Durch Pflege und Vernetzung dieser einzelnen Seiten wird vergangene Lebensweltlichkeit optisch und sinnlich erfahrbar, das Lieblingslied, der gemeinsame Urlaub am Strand, gesprochene Worte. All dies, was durch Unterlassung unkonserviert und privat bleiben könnte und damit dem Vergessen anheim fiele, bleibt erhalten und für alle am Netzwerk ersichtlich. Durch die Vernetzung entfaltet sich ein Erinnerungsspektrum über das eigentlich Individuelle hinaus. Bietet sich hier die Möglichkeit, durch die Wandelbarkeit der eingestellten Daten ein Grabmal als Identitätsträger zu schaffen, der sich mit der Trauer entwickelt?
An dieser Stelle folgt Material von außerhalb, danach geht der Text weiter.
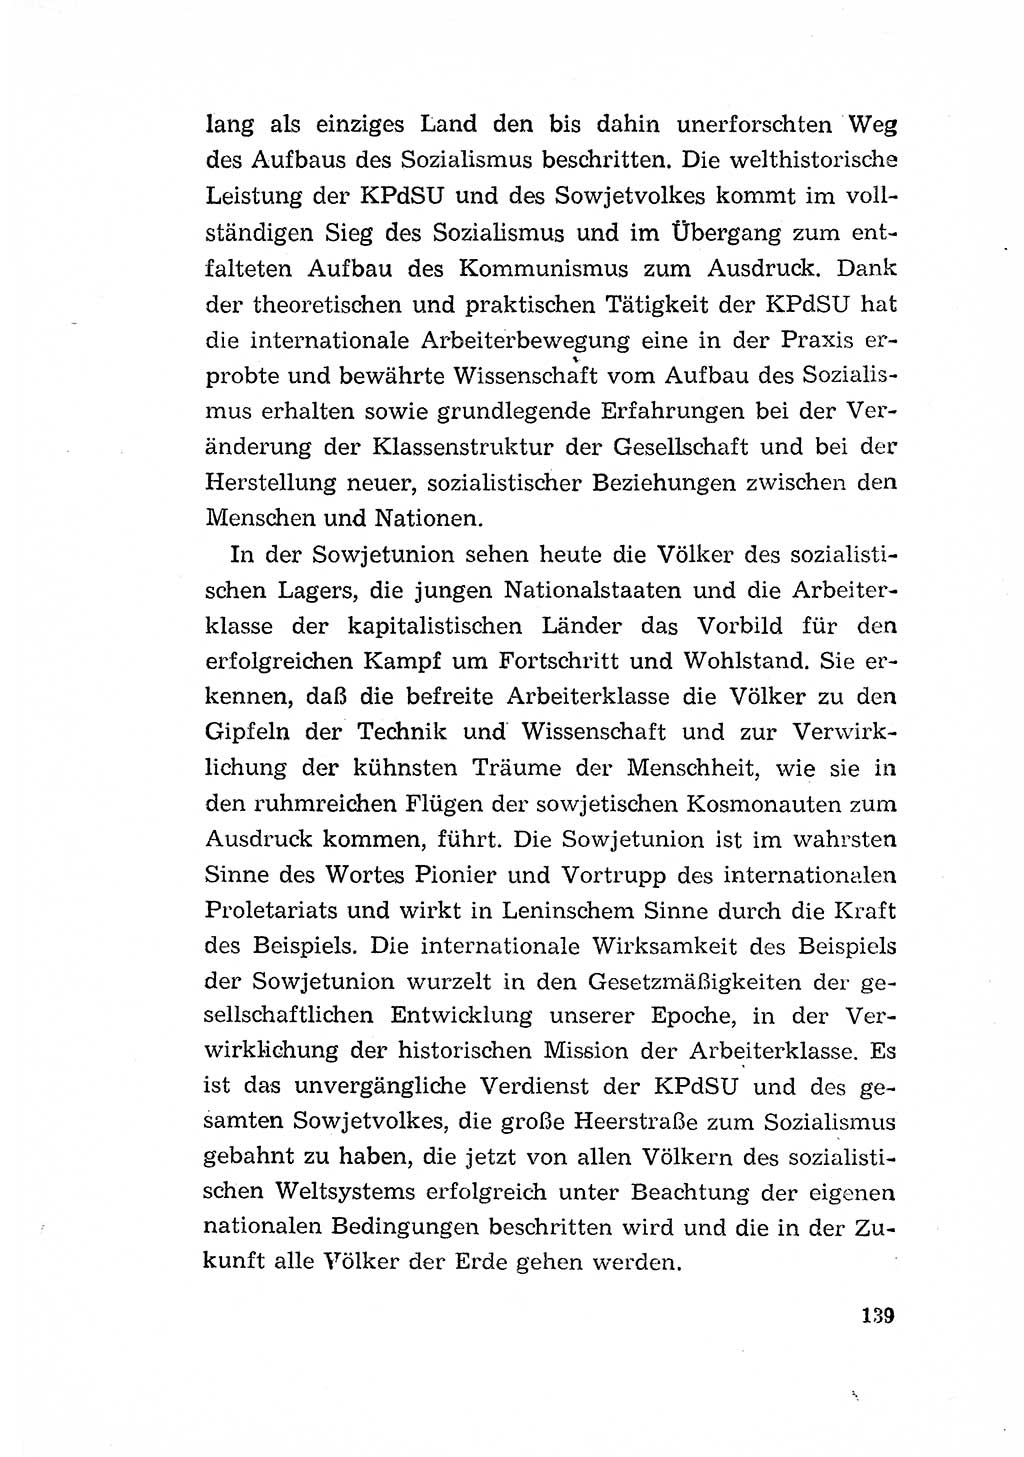 Programm der Sozialistischen Einheitspartei Deutschlands (SED) [Deutsche Demokratische Republik (DDR)] 1963, Seite 139 (Progr. SED DDR 1963, S. 139)

Der QR-Code als Schlüssel zu der virtuellen Erinnerung ist auch der Code für die Fragen: Ist das Vergessen oder ist die Erinnerung bzw. die stete Verfügbarkeit von Vergangenem heilsam? Hilft die Visualisierung im Trauerprozeß und darüber hinaus oder ist die verklärende Erinnerung und der Weg in das Vergessen eher hinderlich und es herrscht das Ressentiment des Arrangements? Ist die Archivierung von Daten Verstorbener und ein öffentlicher Zugriff auf diese Daten gelebten Lebens für das kollektive Memorieren über das individuelle hinaus förderlich? Kann individuelle Geschichtlichkeit und Herkunft in der Möglichkeit ihrer steten Präsenz wichtig für individuelles Leben und Ausrichtung werden? Schafft Vernetzung von archivierten Artefakten von Verstorbenen, die Lesbarkeit und der Nachvollzug der Datenwege Eingebunden-sein zukünftiger Generationen? Braucht Zukunft Rückbezug und -besinnung auf Vergangenes und wenn ja, wieviel? Entstehen durch technische Möglichkeiten der Archivierung und Wiedergabe moralische Kategorien in Bezug auf die Gestaltung von Grabsteinen? Jedes Grabmal ist Versuch mit Sprache dem Verstummen entgegen zu treten und als Code bezeichnet es zumindest den Ort der Bestattung. Wie die Kodifizierung dieses Ortes aussieht und welche Möglichkeiten der Ver- und Entschlüsselung bereit halten, ist nicht nur eine Frage der Technik sondern und vor allen Dingen eine Angelegenheit des Wissens. Ein Grabmal sollte zeitgemäß gestaltet sein, um ein authentisches Zeichen seiner Zeit zu sein. In dem Moment, in dem gelebtes Leben in Zeichen fixiert wird, sollte dieses in seiner zeitlichen Wirklichkeit lesbar und aus dieser heraus deutbar sein, auch wenn Unlesbarkeit der Kodierung wegen technischer Legasthenie nicht zu verhindern ist.